Rock Opera Video Game Somehow Totally Works

In a single moment, Karmaflow: The Rock Opera Video Game won me over.

I was close to the beginning of the game, a 3D adventure-platformer, when I saw a glowy red thing off in the distance. “Collectible!” said my brain, because that always signals a collectible in these sorts of games. But then I picked it up, and this happened:

I got serenaded with a mini-metal ballad for picking up a dinky little shard that was sitting plainly out in the open. The whole world slowed down, and I leaped and flipped and danced along with it. It was great! My reward for something mundane was preposterously epic, bolstered by the voices of actual metal stars. I couldn’t help but laugh at the juxtaposition.


Collectibles, in my opinion, tend to be the least rewarding rewards in video games. They rarely do anything tangible, alter you or your abilities in any meaningful way. At best, they take the form of audio logs or something like that, so at least you get a couple moldy scraps of story to justify all your painstaking snooping. But I rarely find myself excited about them.
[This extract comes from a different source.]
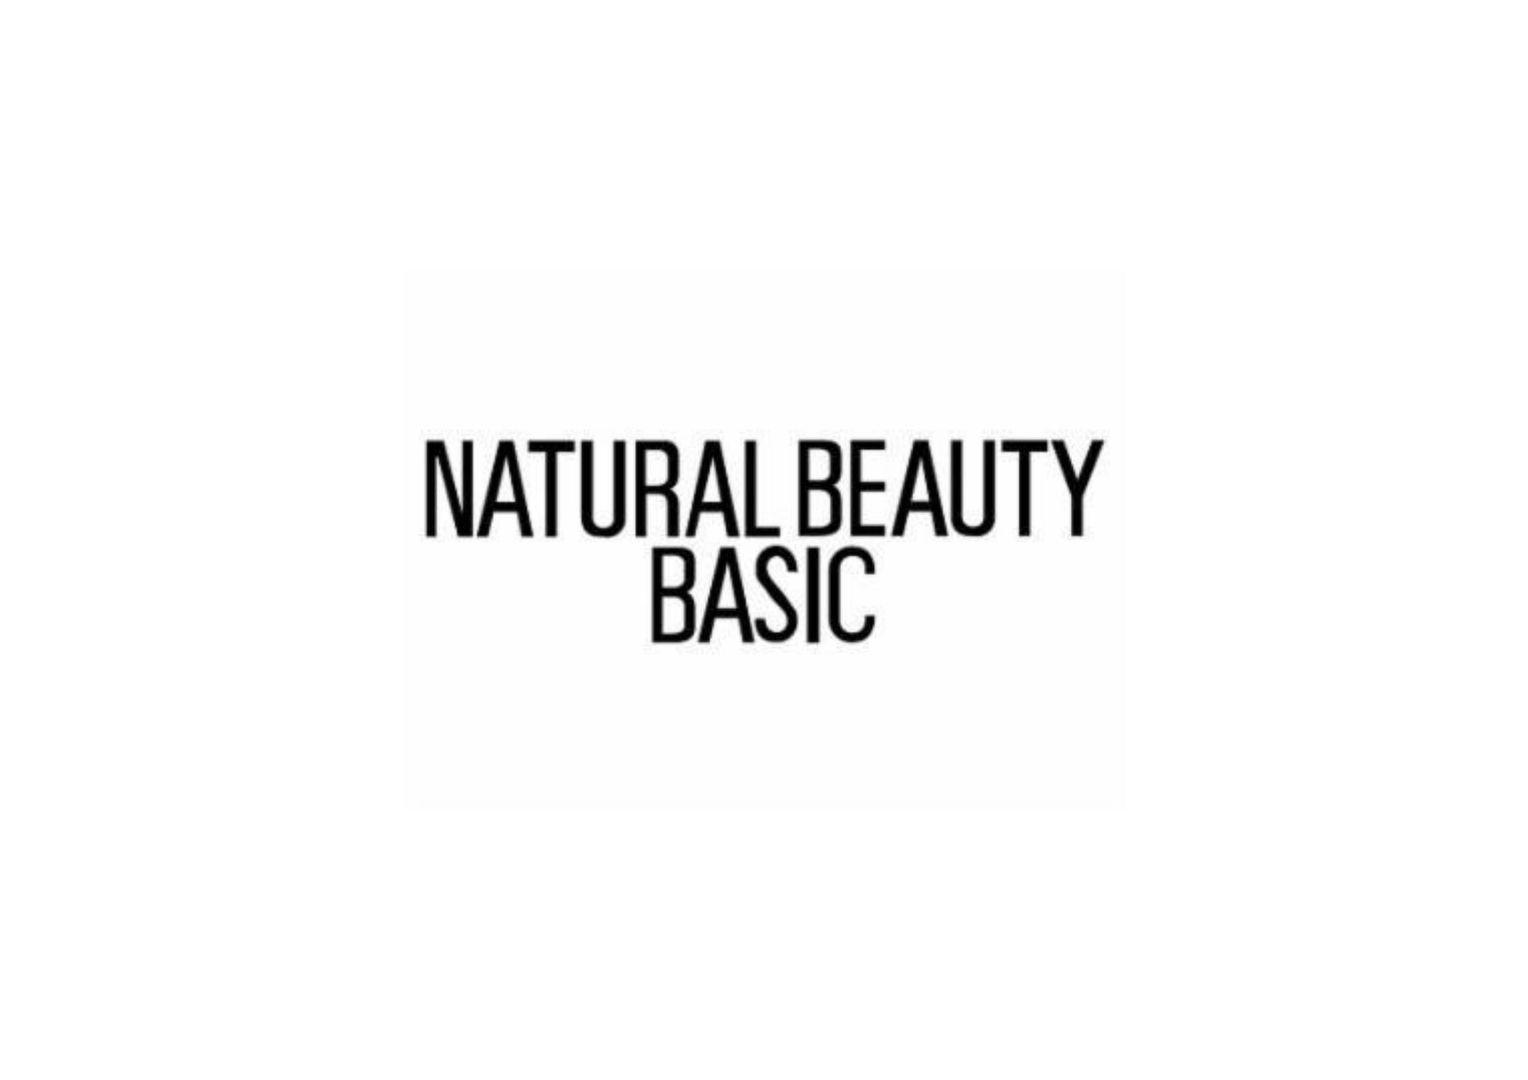 NATURAL BEAUTY BASIC 木更津 / TRMN07804のカバー写真

They feel more like a consolation prize, a participation ribbon, a cardboard cut-out of your family waiting at the finish line because the real thing couldn’t be bothered to come. They’re the barest of incentives to explore, especially when games are capable of making the prospect of prospecting so much more exciting. They kind suck.

Karmaflow, at least, does them up in style, makes them feel worth the effort. And in this game, music is the main reward. Not just any music, but hilariously bombastic rock opera metal. These euphoric bursts of melody, then, help unify the whole experience.
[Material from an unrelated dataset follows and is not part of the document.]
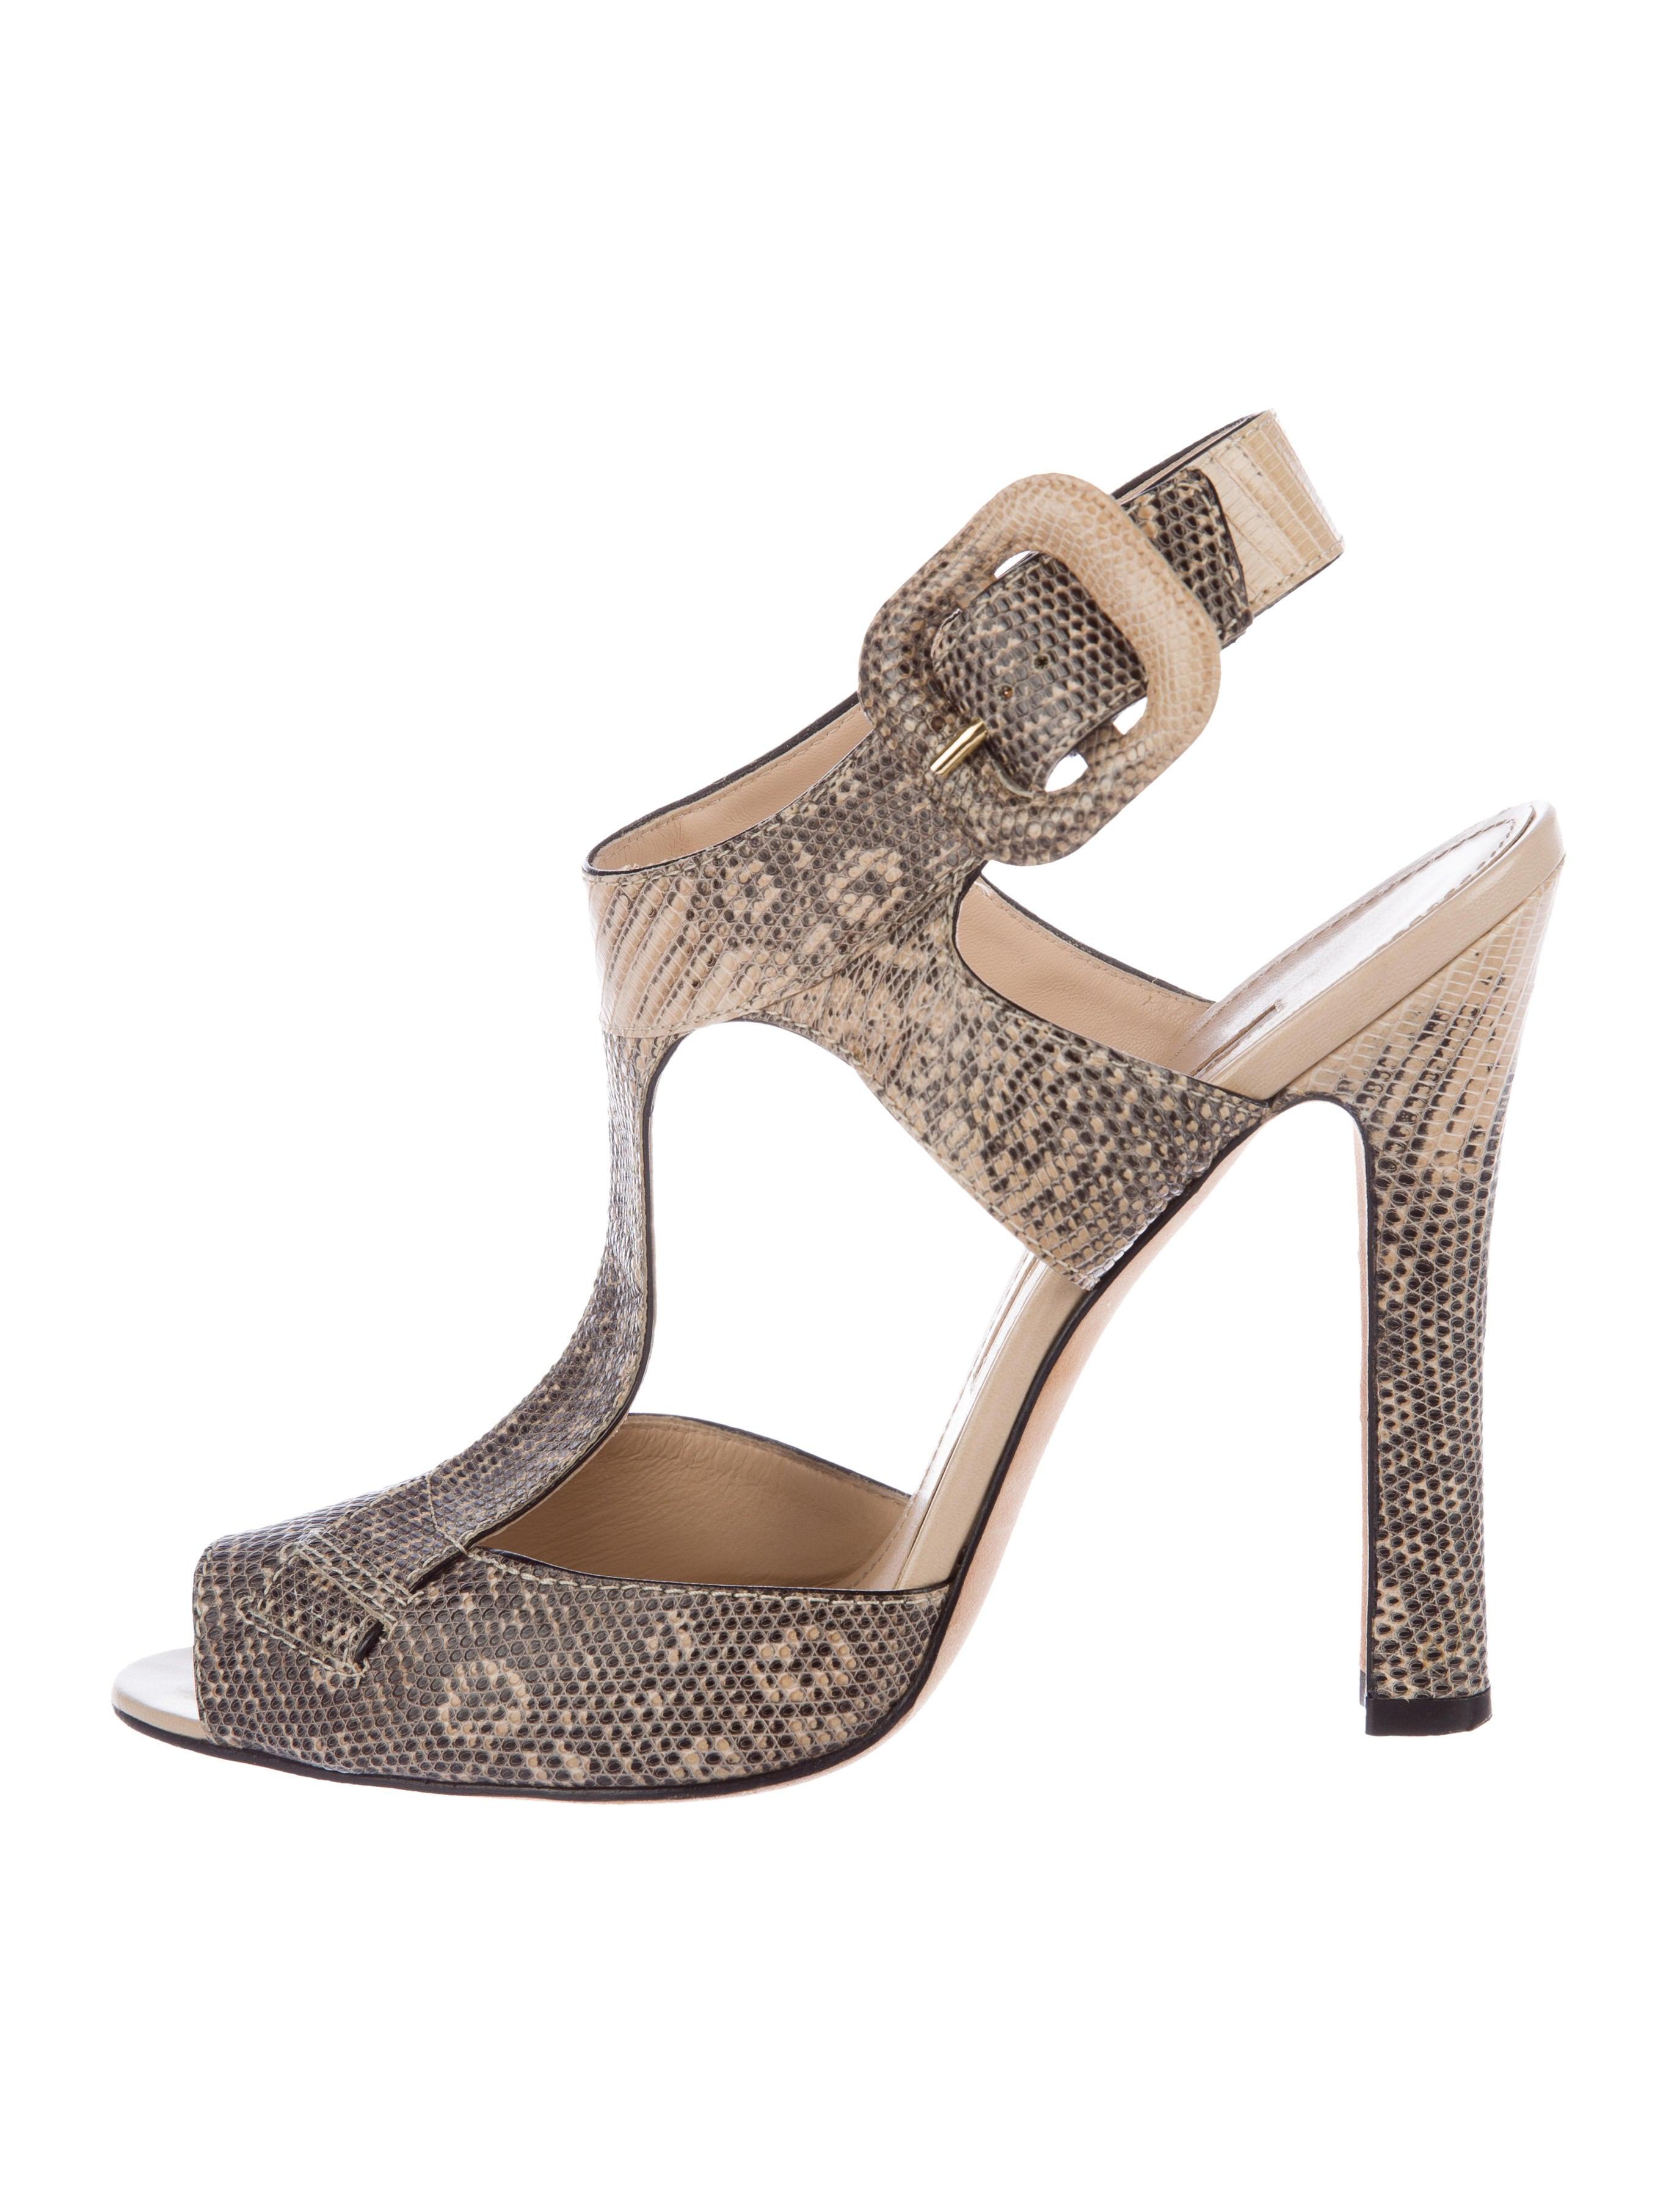 Manolo Blahnik Lizard T-Strap Sandals buy cheap prices dE6gL4

Here are a couple other traditional video game tropes that Karmaflow infuses with musical flare. First up, a puzzle sequence that centers around activating instruments one-by-one, slowly assembling a song.
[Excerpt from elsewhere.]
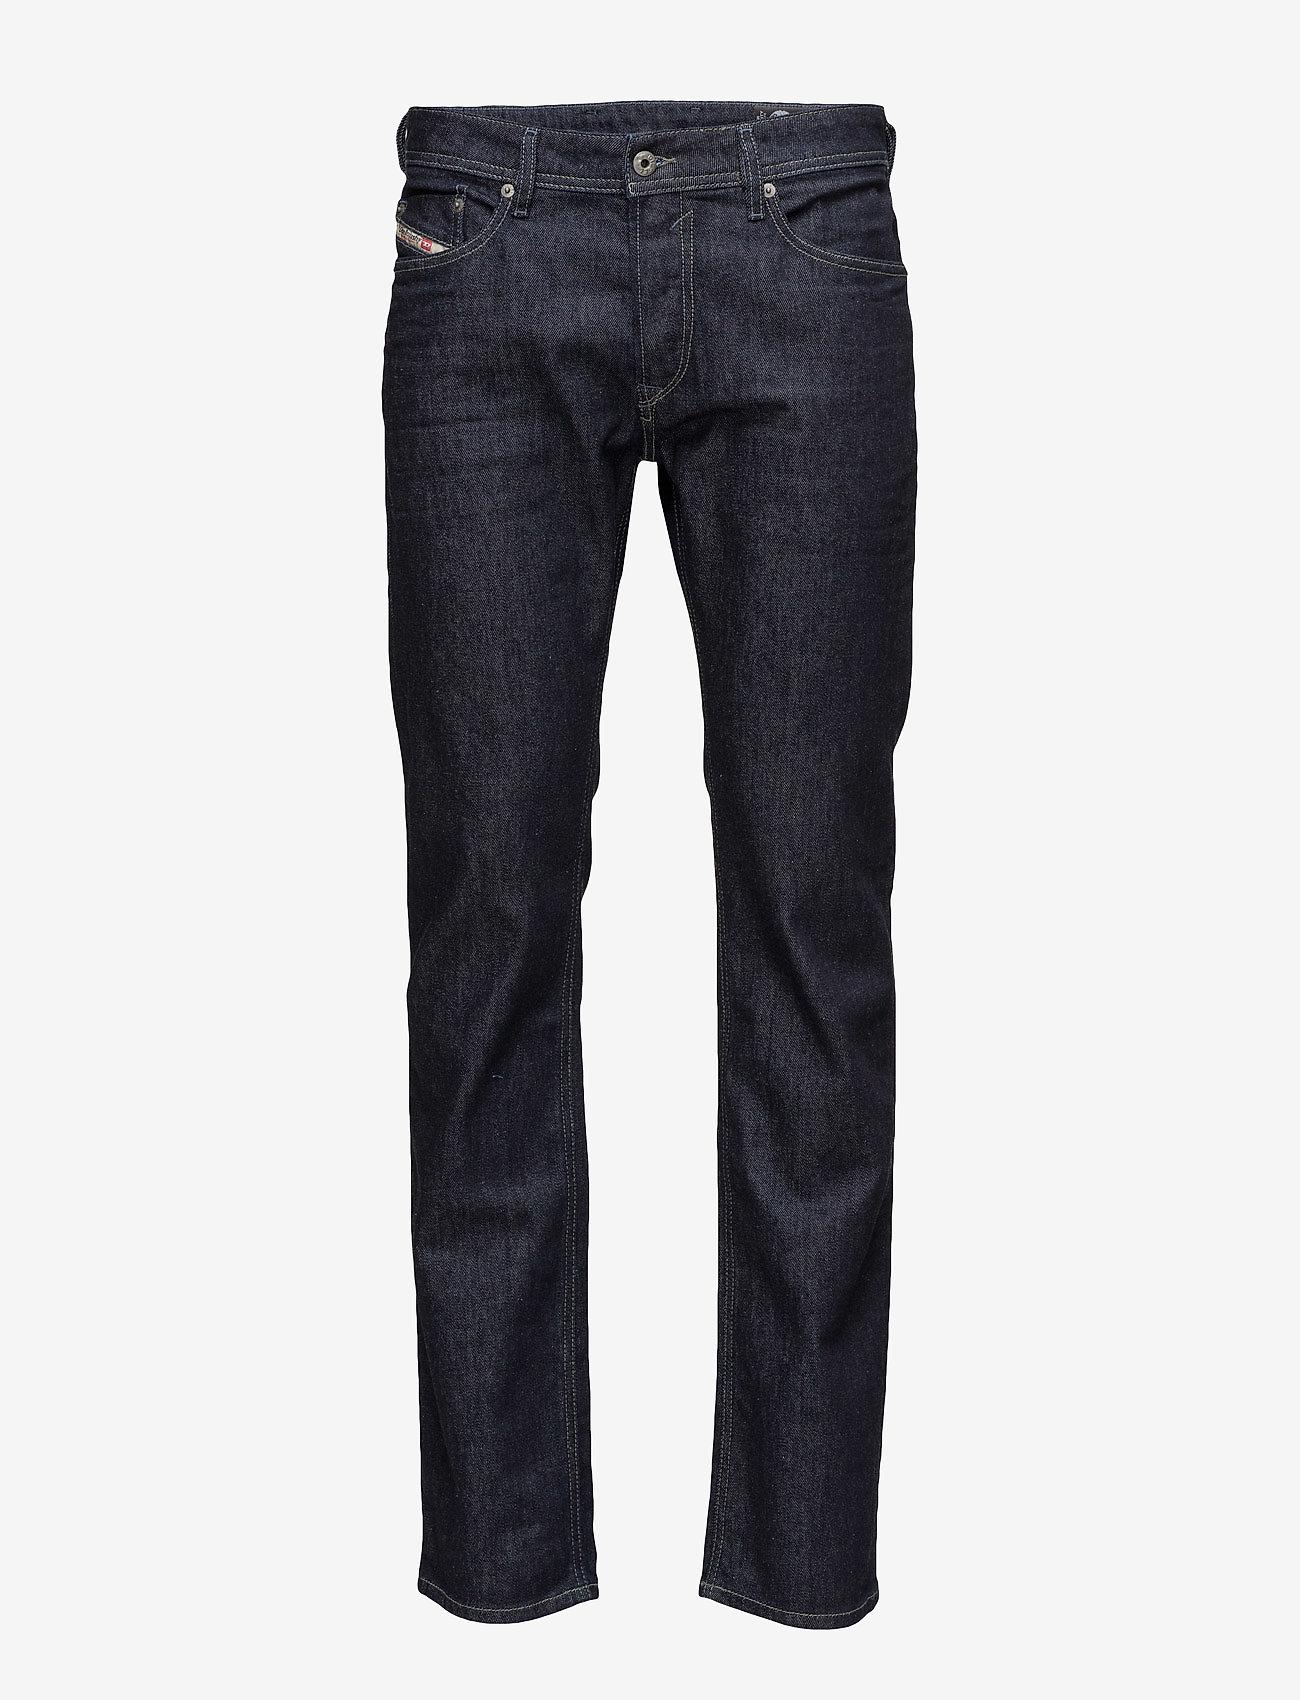 Diesel Men - WAYKEE TROUSERS - regular jeans - denim - 1

Each instrument I activated dropped a new instrument into the background track. A thumping drum, a swelling orchestra, a pulsing bass. And sure, if we want to be achingly technical about it, I was just solving a simple puzzle that opened the game’s equivalent of a door, but the music made it feel like I was creating something.

Boss fights are also introduced with music, sequences like this:

The fight itself? Kinda rote. I just had to infuse objects in the environment with my magical karma marbles so that they’d thwack the boss in the back. But the way it was structured—almost like a concert mosh pit, with the boss “performing” on stage while floor tiles would rear up like unruly moshers and push me back—made the proceedings feel so much more momentous.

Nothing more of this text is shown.